Exposant avoir constaté en 2025 que la SCI BTS26 a entrepris des travaux affectant les parties communes sans autorisation préalable de l’assemblée générale des copropriétaires (percement de la façade pour le passage de câbles et/ou installations techniques) et use de la courette commune à titre privatif en y entreposant du mobilier, le syndicat des copropriétaires de l’immeuble sis [Adresse 1] à [Localité 5] représenté par son syndic en exercice, la société Cabinet Roumilhac (ci-après, « le syndicat des copropriétaires ») a, par actes de commissaire de justice en date des 22 et 24 décembre 2025 et 7 janvier 2026, fait assigner son assureur la société Axa France IARD, la société Alliance internationale assurances commerce et la SCI BTS26 devant le président du tribunal judiciaire, statuant en référé, aux fins d’obtenir, sur le fondement de l’article 145 du code de procédure civile, la désignation d’un expert judiciaire qui aura pour mission de dresser tous états descriptifs et qualitatifs de l’appartement de la SCI BTS26, y compris la cave, ainsi que de l’ensemble des parties communes de l’immeuble, y compris la courette, la façade et les appartements et propriétés voisines afin de déterminer si, à son avis, lesdits appartements et propriétés présentent ou non des dégradations, désordres, malfaçons, non-façons et/ou non-conformités, notamment inhérents à la nature des travaux entrepris sans autorisation par la SCI BTS26, de donner son avis sur les griefs du syndicat des copropriétaires figurant dans ses courriers des 30 juillet et 24 septembre 2025 et en rechercher les causes, donner son avis sur la nature et l’ampleur des travaux à entreprendre et donc sur leurs conséquences financières en résultant et en rechercher les causes, donner son avis sur les conséquences de l’inertie de la SCI BTS26 de son retard dans l’exécution des travaux de remise en état et du préjudice en résultant et en rechercher les causes et la condamnation de la SCI BTS26 à lui régler la somme de 10 000 euros au titre de l’article 700 du code de procédure civile, outre les entiers dépens.
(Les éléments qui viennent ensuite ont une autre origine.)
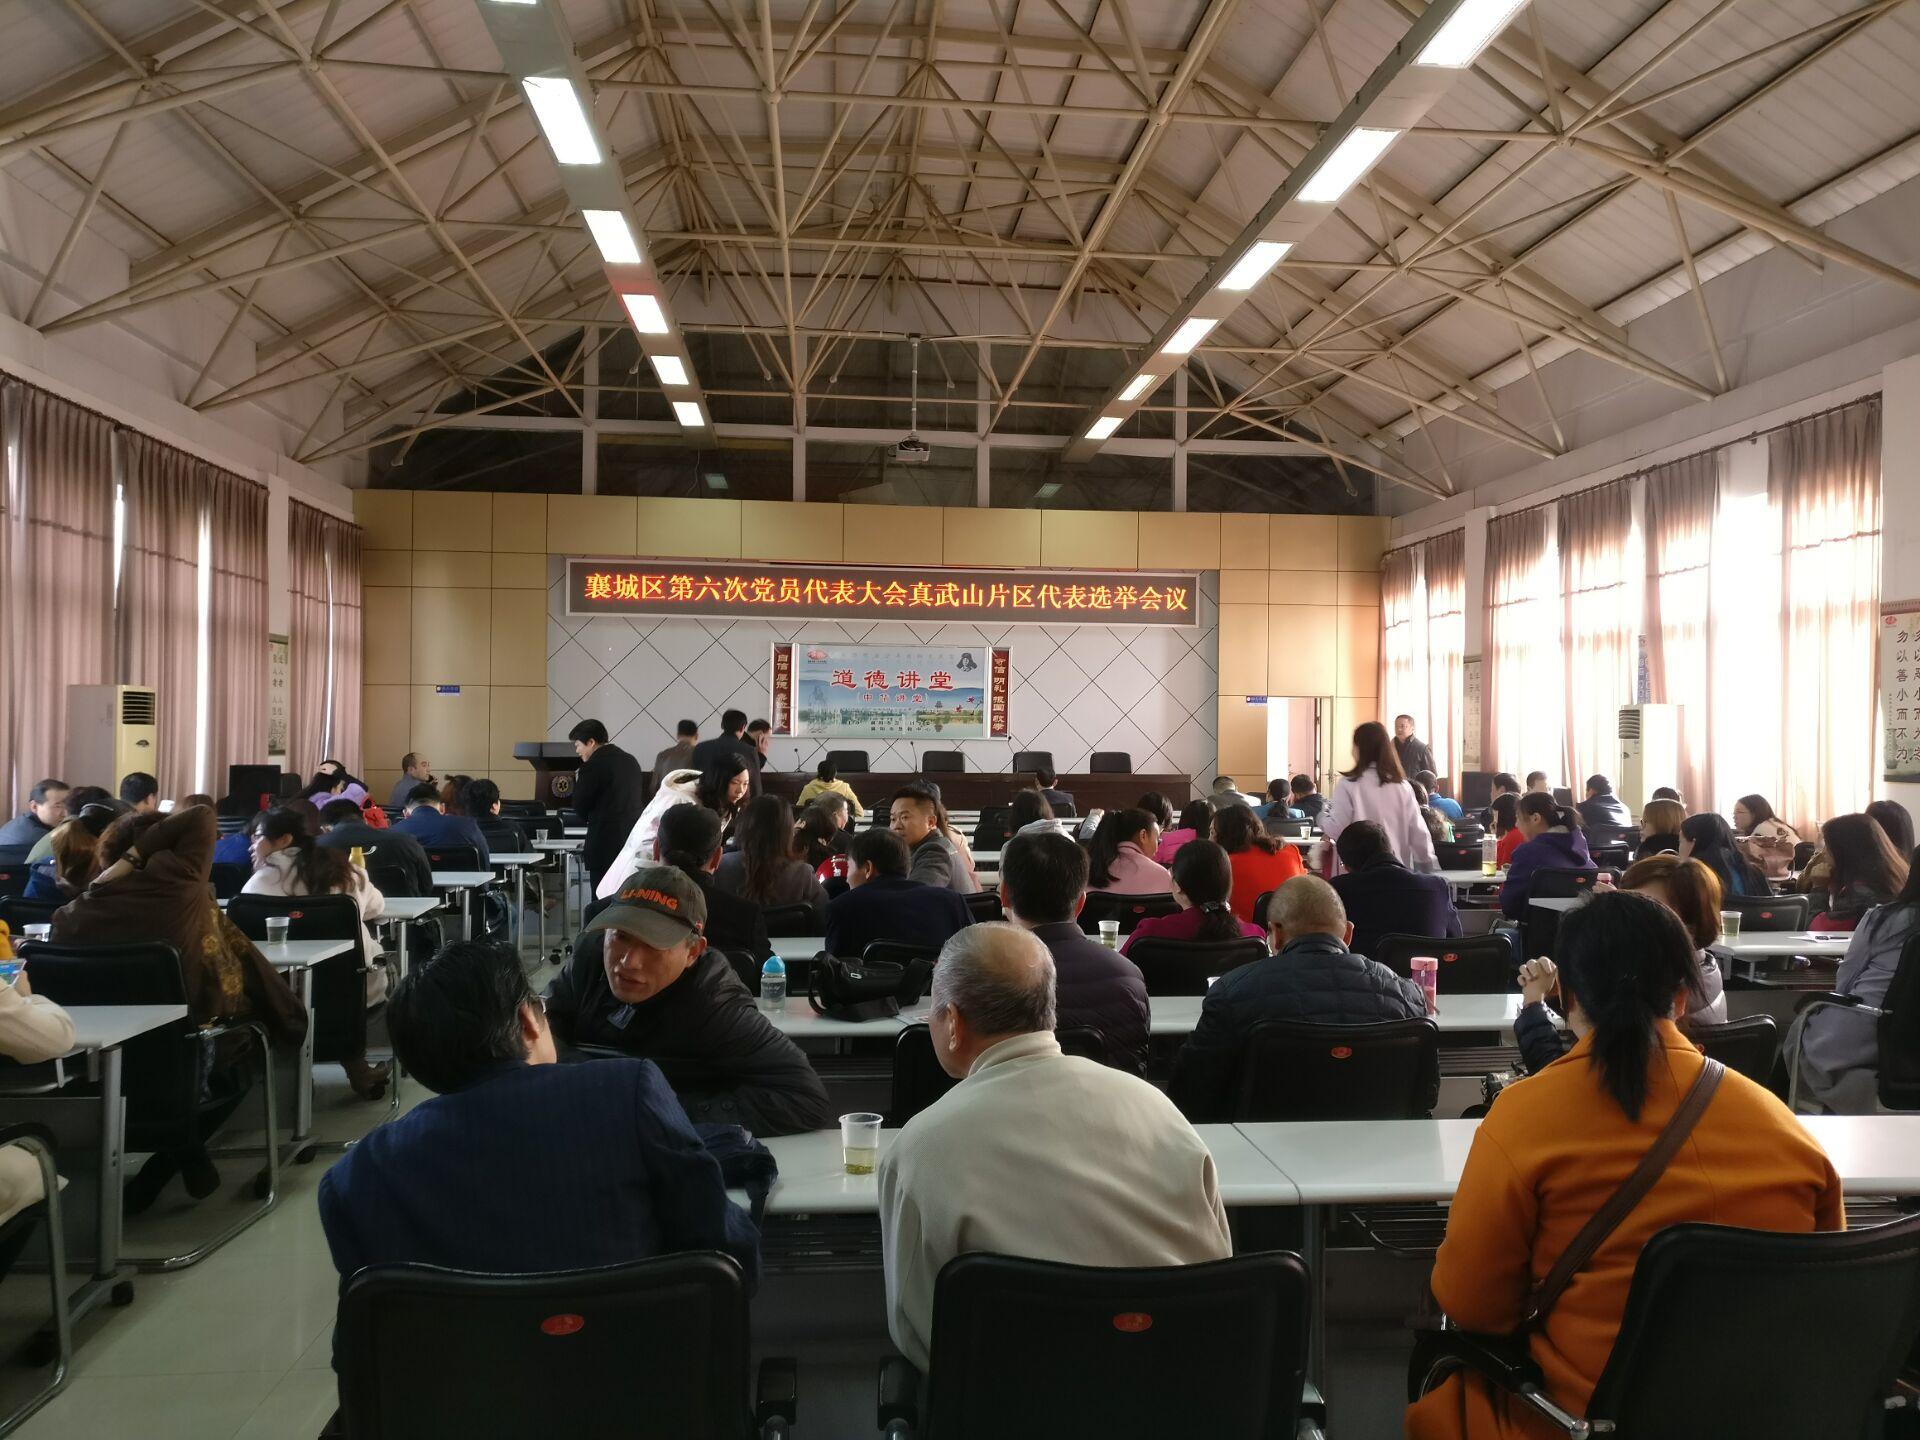 襄城区党员代表大会真武山片区选举会议召开

Cette affaire a été appelée pour la première fois à l’audience du 13 janvier 2026 lors de laquelle elle a fait l’objet d’un renvoi à la demande de la SCI BTS26 avec injonction pour les parties d’assister à un rendez-vous d’information sur la médiation. Les parties étant entrées en médiation, lors de l’audience du 24 février 2026, l’affaire a fait l’objet d’un renvoi.
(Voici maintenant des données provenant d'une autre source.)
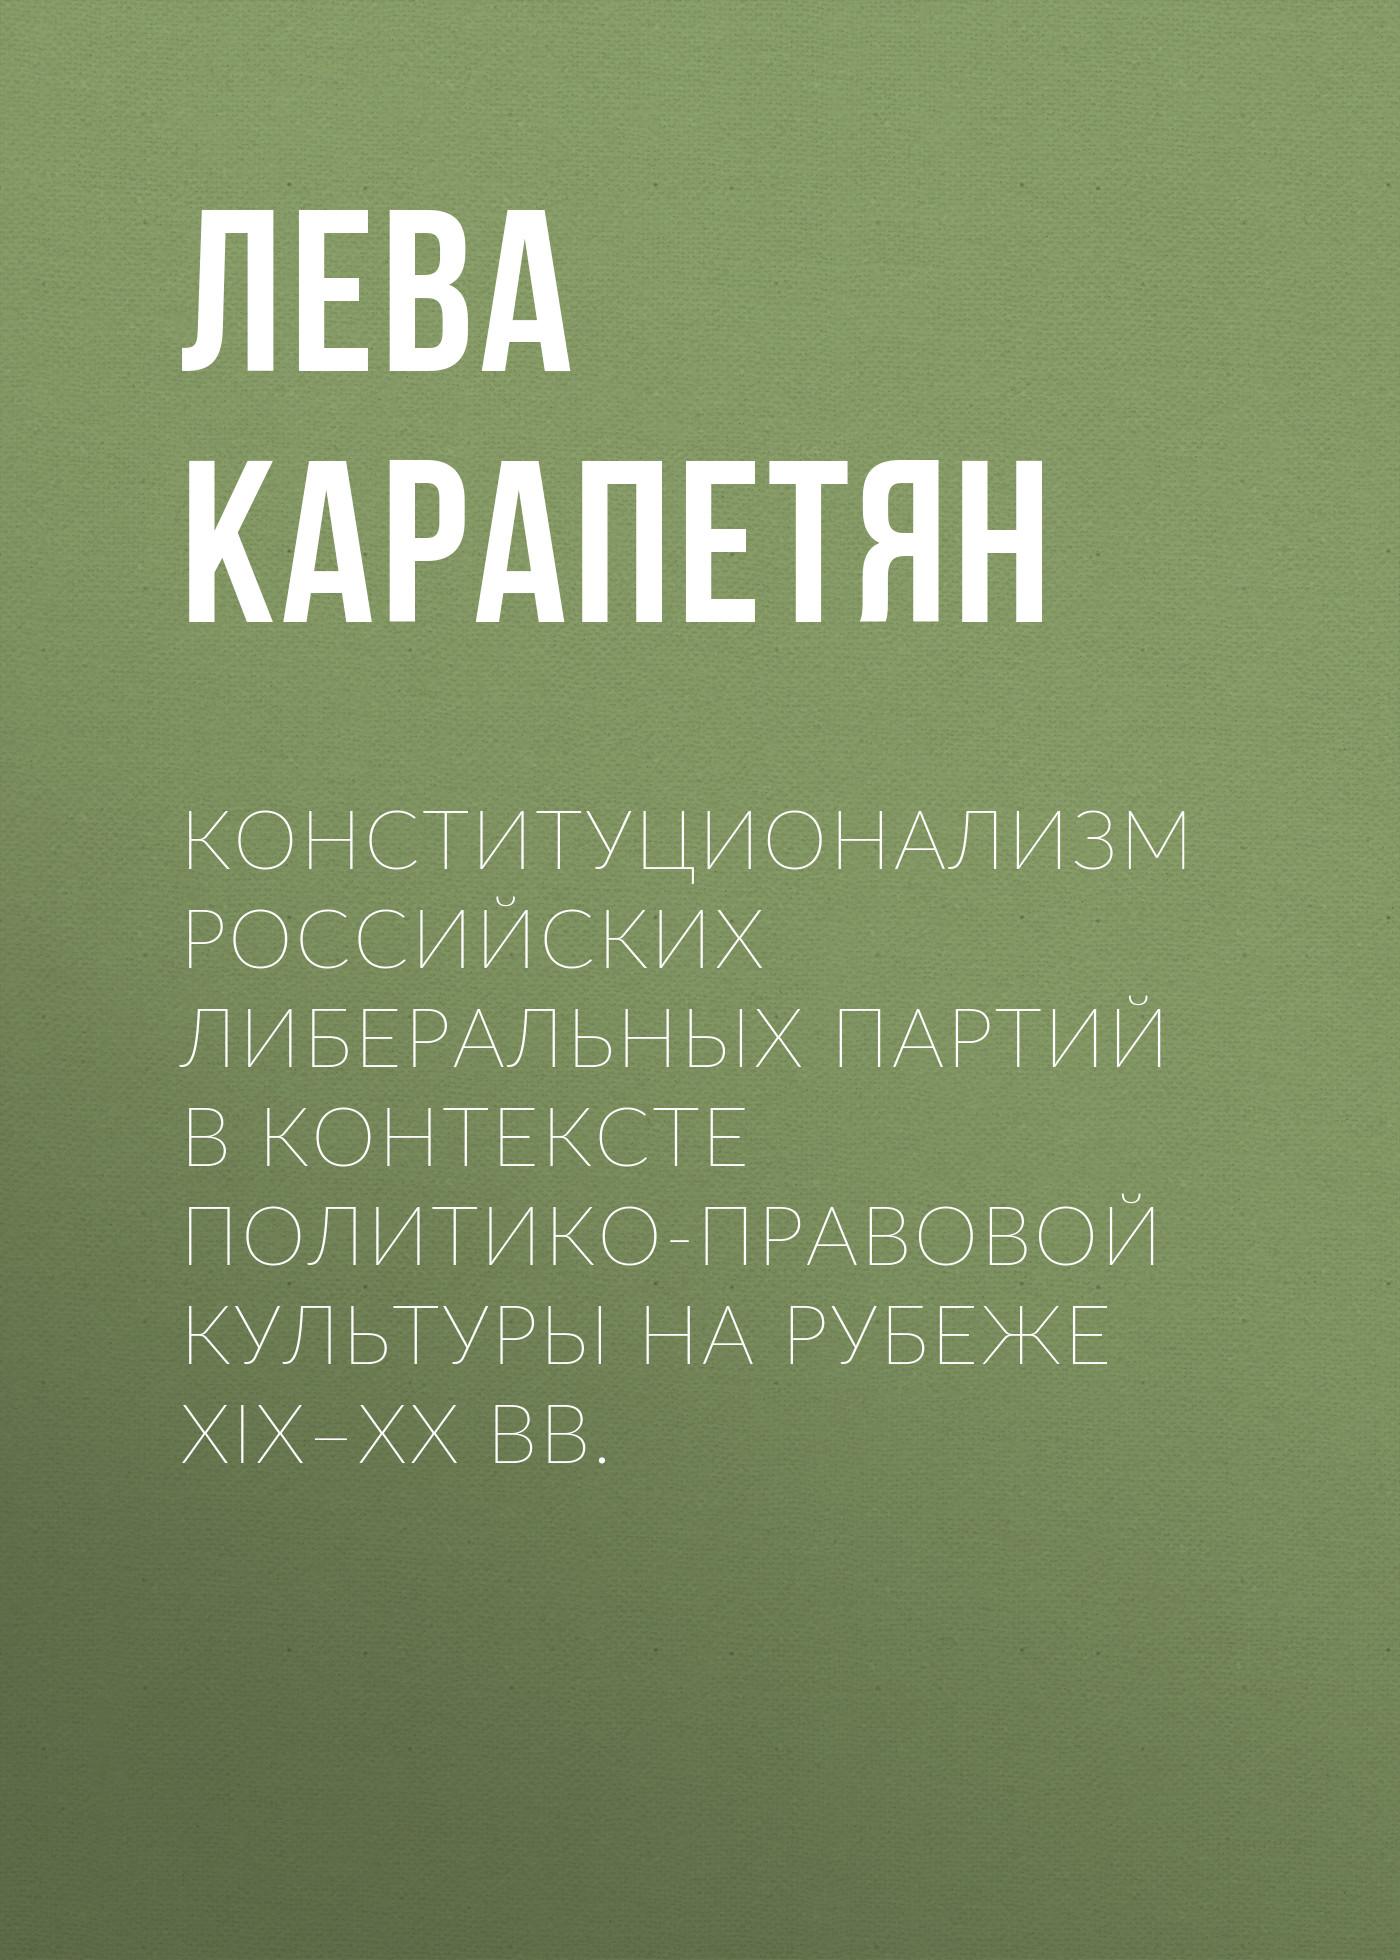 Лева Карапетян Конституционализм российских либеральных партий в контексте политико-правовой культуры на рубеже XIX–XX вв.

La médiation n’ayant pas abouti, l’affaire a été plaidée à l’audience du 31 mars 2026.
Lors de cette audience, le syndicat des copropriétaires, représenté par son conseil, a maintenu ses demandes telles que contenues dans l’acte introductif d’instance, précisant toutefois solliciter la fixation de la mission du technicien conformément à la proposition de M. [K] qu’elle produit (constat des dégâts existants dans la courette, examen du mur percé sans autorisation et vérification de la cave transformée en chambre).
Dans ses écritures déposées et soutenues oralement à l’audience par son conseil, la SCI BTS26 sollicite, à titre principal, le débouté du syndicat des copropriétaires de sa demande d’expertise, à titre subsidiaire, le donné acte de ses protestations et réserves et, en tout état de cause, la condamnation du syndicat des copropriétaires à lui verser la somme de 3 000 euros.
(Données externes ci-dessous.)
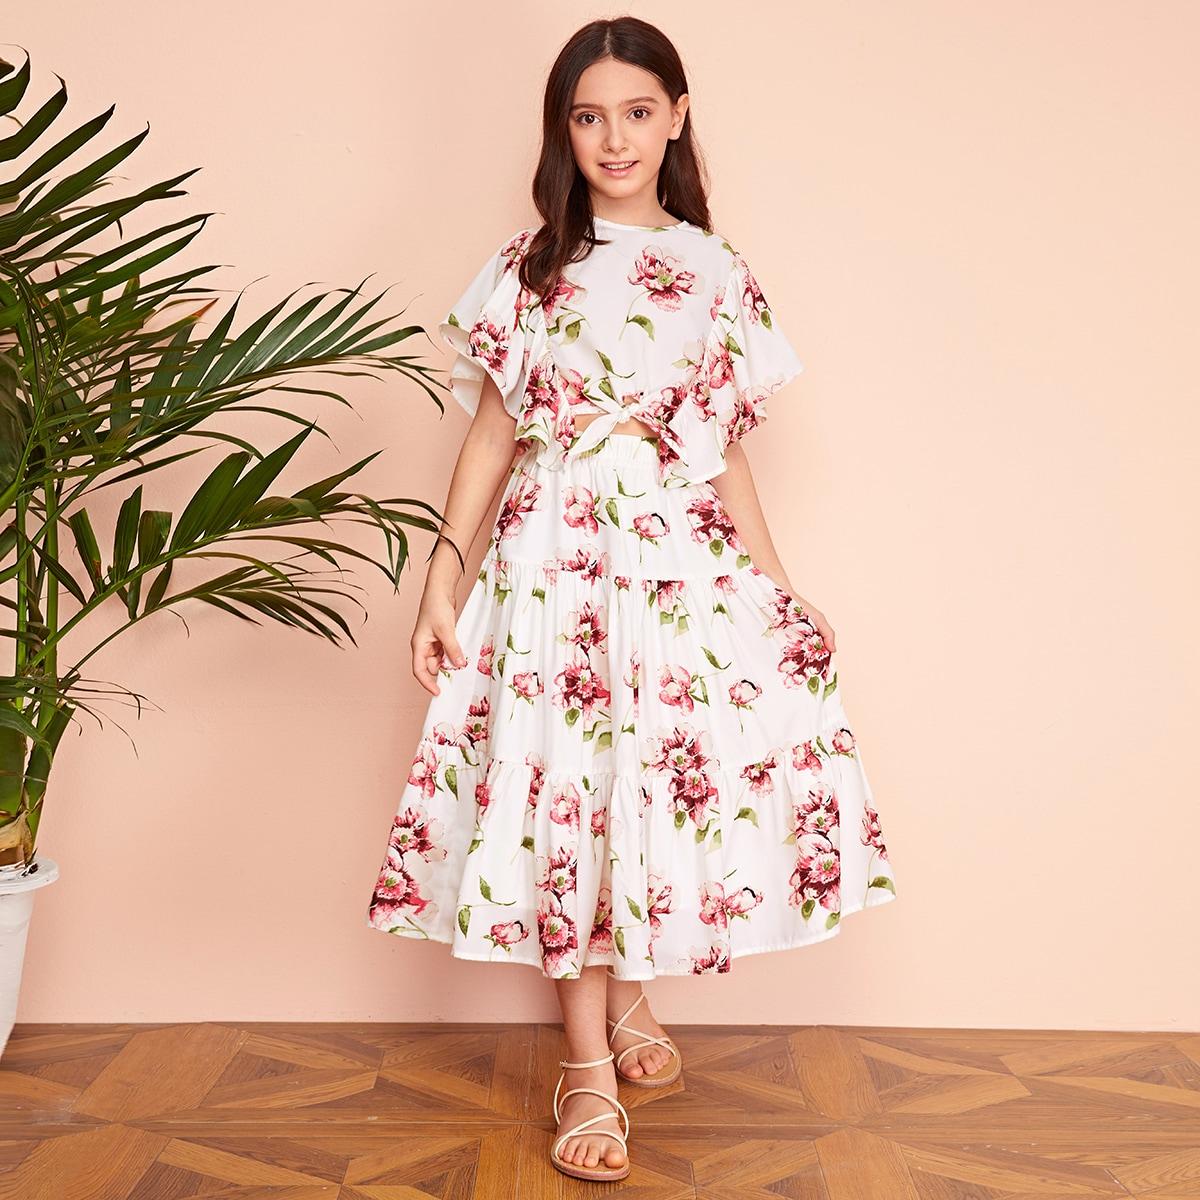 Цветочная юбка и топ с узлом, оборками для девочек

Par conclusions déposées et soutenues oralement à l’audience par son conseil, la société Axa France IARD a sollicité le donné acte de ses protestations et réserves, dès lors qu’elle conteste à ce stade de la procédure la mobilisation de ses garanties.
Bien que régulièrement assignée à personne, la société Alliance internationale assurances commerce n’a pas constitué avocat. Il sera, en conséquence, statué, en application des dispositions des articles 473, alinéa 2, et 474, alinéa 1, du code de procédure civile, par décision réputée contradictoire.
Conformément à l’article 446-1 du code de procédure civile, pour plus ample informé de l’exposé et des prétentions des parties, il est renvoyé à l’assignation introductive d’instance, aux écritures déposées et développées oralement à l’audience ainsi qu’aux notes de l’audience.
A l’issue de l’audience, la décision a été mise en délibéré 12 mai 2026.
MOTIFS :
Aux termes de l’article 472 du code de procédure civile lorsque le défendeur ne comparaît pas, le juge fait droit à la demande s’il l’estime régulière, recevable et bien fondée.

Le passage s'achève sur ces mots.